В спальной клетке девушка подложила себе под голову узелок с бельем. Взбила его словно пуховую подушку. Замоталась в два одеяла. Развернулась снова. Потребовала, чтобы он дал ей нож — дверную скобу, длинную, отточенную, заостренную. Он был слишком утомлен голодом, слишком освежен доверием, чтобы еще раз проявлять недоверие. Он не видел, как она воткнула нож между ним и собой в торфяную труху, а хоть бы и видел, ведь не может он лежать так неподвижно, чтобы даже ненароком не задеть символ пограничного столба. При самых светлых, дневных мыслях и то не может. Потрескивали стены их пещеры, били и хлопали совиные крылья, огненно-желтые глаза вспыхивали то здесь, то там. Девушка не двигалась. Он ловил ее дыхание. Порой она тихо вскрикивала. Может, во сне, а может, в бессонном страхе. Когда его начали терзать вши, стыд терзал еще сильнее. Твари-бродяги, ползают с места на место. Они не признают пограничных столбов. Сон глумился над ним. Приходил, чтобы тотчас снова уйти. Во сне проплывали тени. Мария стояла наверху перед входом в земляной погреб. Сложив руки под передником. Когда Мария была в положении, она частенько так стояла посреди двора. Полчаса могла простоять. Была осень. Плыли к земле листья с липы. Плывут по пещере ночные совы. Ты бы сходила к Ольге, Мария, ты бы поговорила с ней… В эту ночь не произошло ничего нового. Все было как уже не раз бывало в эти пещерные ночи. Только чуть теплее с одного боку. Да еще снова пришла Мария. А ведь она долго не приходила.

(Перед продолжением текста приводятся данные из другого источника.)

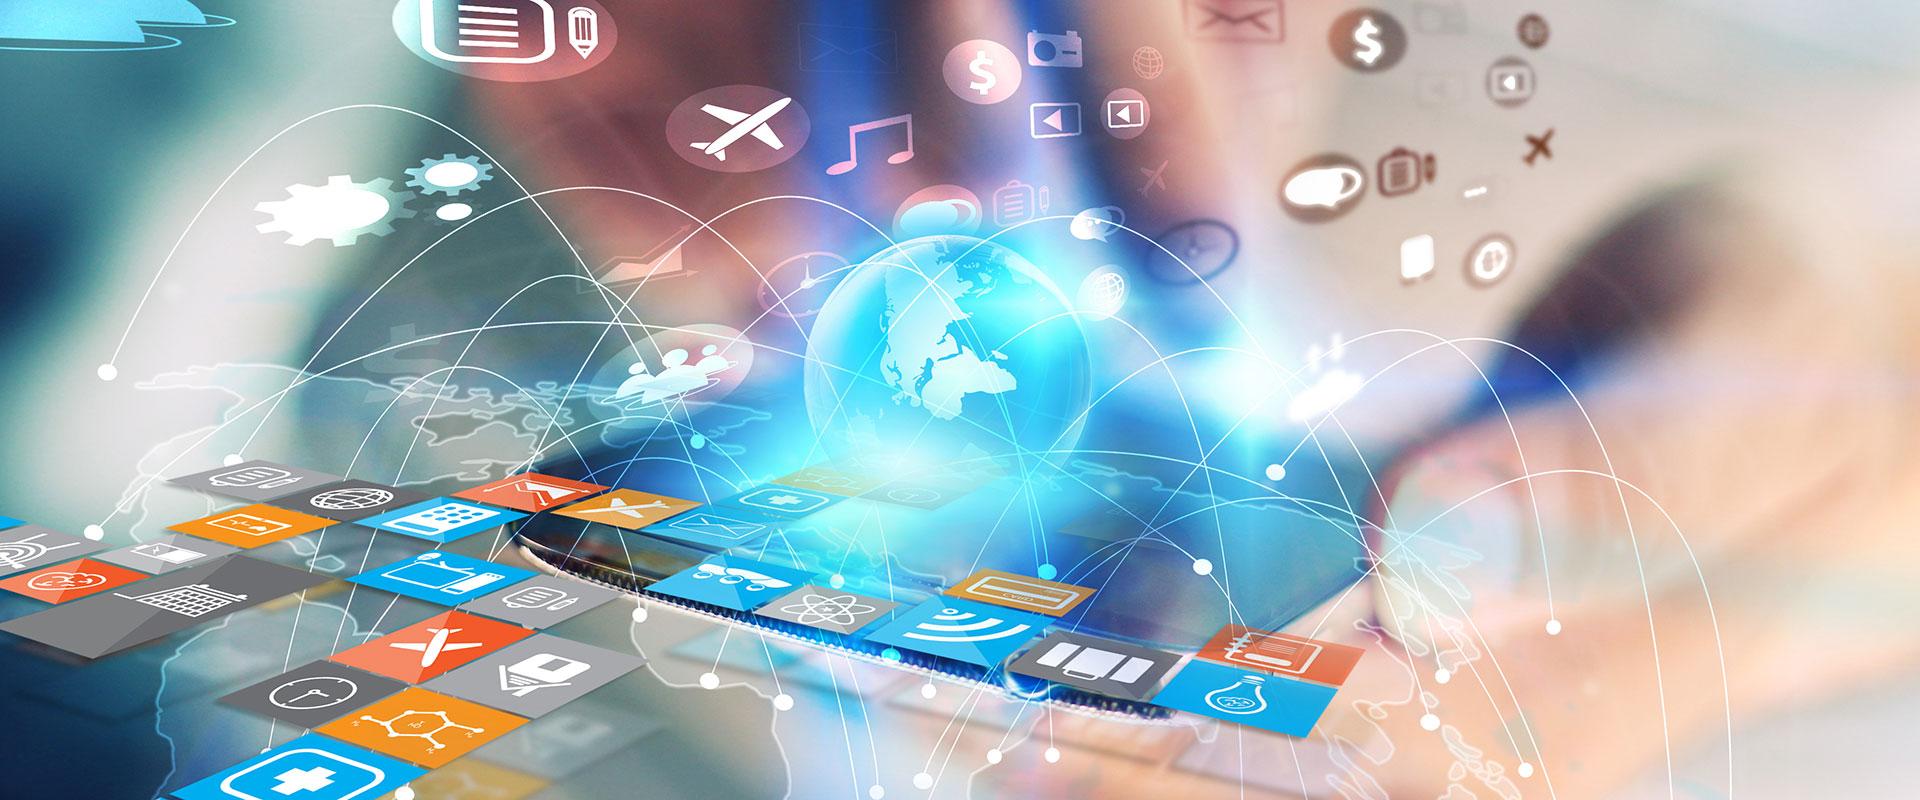 Toiminta Digitaalisessa Ympäristössä

И все же в эту ночь человек не мог утешаться своей дневной присказкой. На него разом навалилась головная боль и озноб. Он препирался с самим собой. Это кто там вякал днем: от сдельщины раньше сроку помрешь? И кто потом, когда начали пилить, поощрял дикую гонку? Да он же и поощрял. Куражился из чистого гонора. Кто хочет выдержать, тот обязан знать себе цену. Кто бахвалится: счас мы как вдарим, тот должен, замахиваясь молотом, не угодить по собственной голове. Если ты вспотел, надо для начала остыть. Но едва поблизости возникает юбка, ты мчишься как дурак к корыту, и сбрасываешь китель, и снимаешь рубашку, и льешь на себя ледяную воду, и отряхиваешься, как длинношерстная такса. Такой крепкий, такой настоящий мужчина, такая широкая грудь! И даже без полотенца — в эдакий-то холод! Только не проронить ни словечка! Только не спросить: у тебя, Тамара, случайно нет полотенца? Я потом его отстираю. Тамара работящая девушка. И опрятная. В ее узелке наверняка сыщется и полотенце. А на твои красоты она даже и не взглянула ни одного раза. Зато вот теперь ты дрожишь, как осиновый листочек. А работать кто за тебя будет? Мне надо бы выйти. Ну поднимайся! Поставь воду на огонь. Вскипяти себе чаю. Завари вересковый корень. У него, правда, вкус, как у камфоры, но помогает. Да еще бы горячую ножную ванну. Мария снова вернулась. Эта женщина, Ольга, говорит совершенно как Мария. С первым проблеском дня Рёдер встал, стараясь не разбудить девушку, осторожно укрыл ее ноги своим одеялом и тихонько вышел. Идя по твердой, заиндевевшей траве, он вспоминал утреннюю росу на летних лугах.